We participate in and have certified our compliance with the EU-U.S. Privacy Shield Framework and the Swiss-U.S. Privacy Shield Framework.  We are committed to subjecting all personal data received from European Union (EU) member countries and Switzerland, respectively, in reliance on each Privacy Shield Framework, to the Framework’s applicable Principles.  To learn more about the Privacy Shield Frameworks, and to view our certification, visit the U.S. Department of Commerce’s Privacy Shield List

We are responsible for the processing of personal data we receive, under each Privacy Shield Framework, and subsequently transfer to a third party acting as an agent on its behalf.  We comply with the Privacy Shield Principles for all onward transfers of personal data from the EU and Switzerland, including the onward transfer liability provisions.

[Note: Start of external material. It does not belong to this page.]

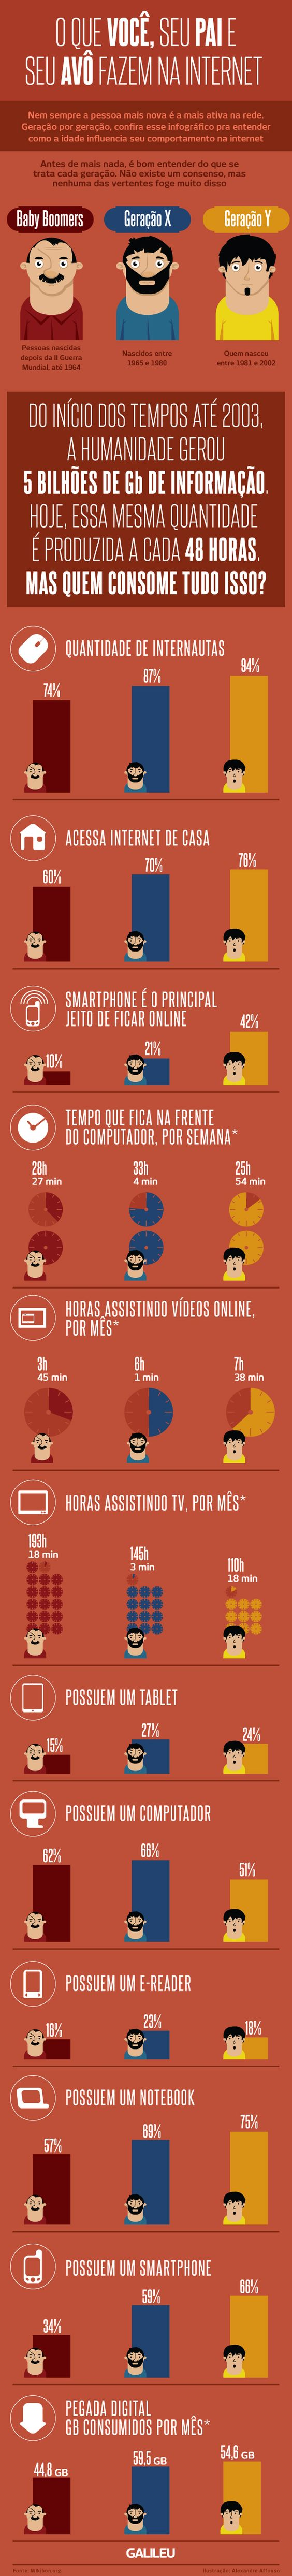 Infográfico - O que você, seu pai e seu avô fazem na internet:

With respect to personal data received or transferred pursuant to the Privacy Shield Frameworks, we are subject to the regulatory enforcement powers of the U.S. Federal Trade Commission.  In certain situations, we may be required to disclose personal data in response to lawful requests by public authorities, including to meet national security or law enforcement requirements.

If you have an unresolved privacy or data use concern that we have not addressed satisfactorily, please contact our U.S.-based third party dispute resolution provider (free of charge) at https://feedback-form.truste.com/watchdog/request.

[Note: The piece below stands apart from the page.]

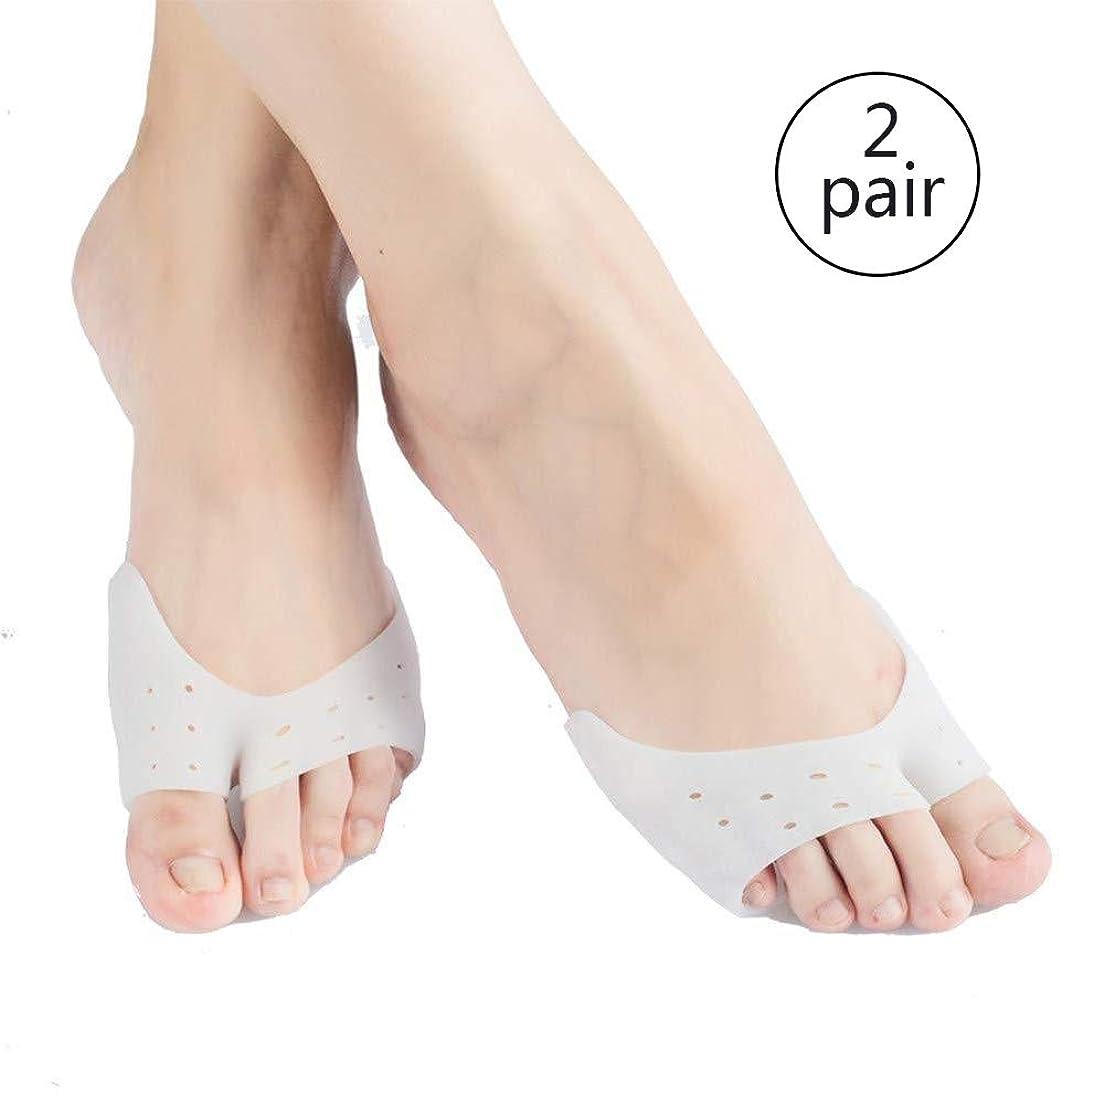 誓い株式リム足のセパレーター、足の親指のアライナー、足の親指の矯正、ナイトバニオンの寛解、男性と女性の外反母hallの痛みの緩和

Under certain conditions, more fully described on the Privacy Shield website, you may be entitled to invoke binding arbitration when other dispute resolution procedures have been exhausted.

Cookies and Other Tracking Technologies

We and our partners use cookies or similar technologies to analyse trends, administer the website, track users’ movements around the website and to gather demographic information about our user base as a whole. 

If you want to restrict or block cookies set by our website, you may change your browser settings to do so. You may wish to visit www.youronlinechoices.com/uk/your-ad-choices to learn more about the cookies on your device, and opt out of them if you wish. If you use your browser settings to block all cookies (including strictly necessary cookies) you may not be able to access all or parts of our website.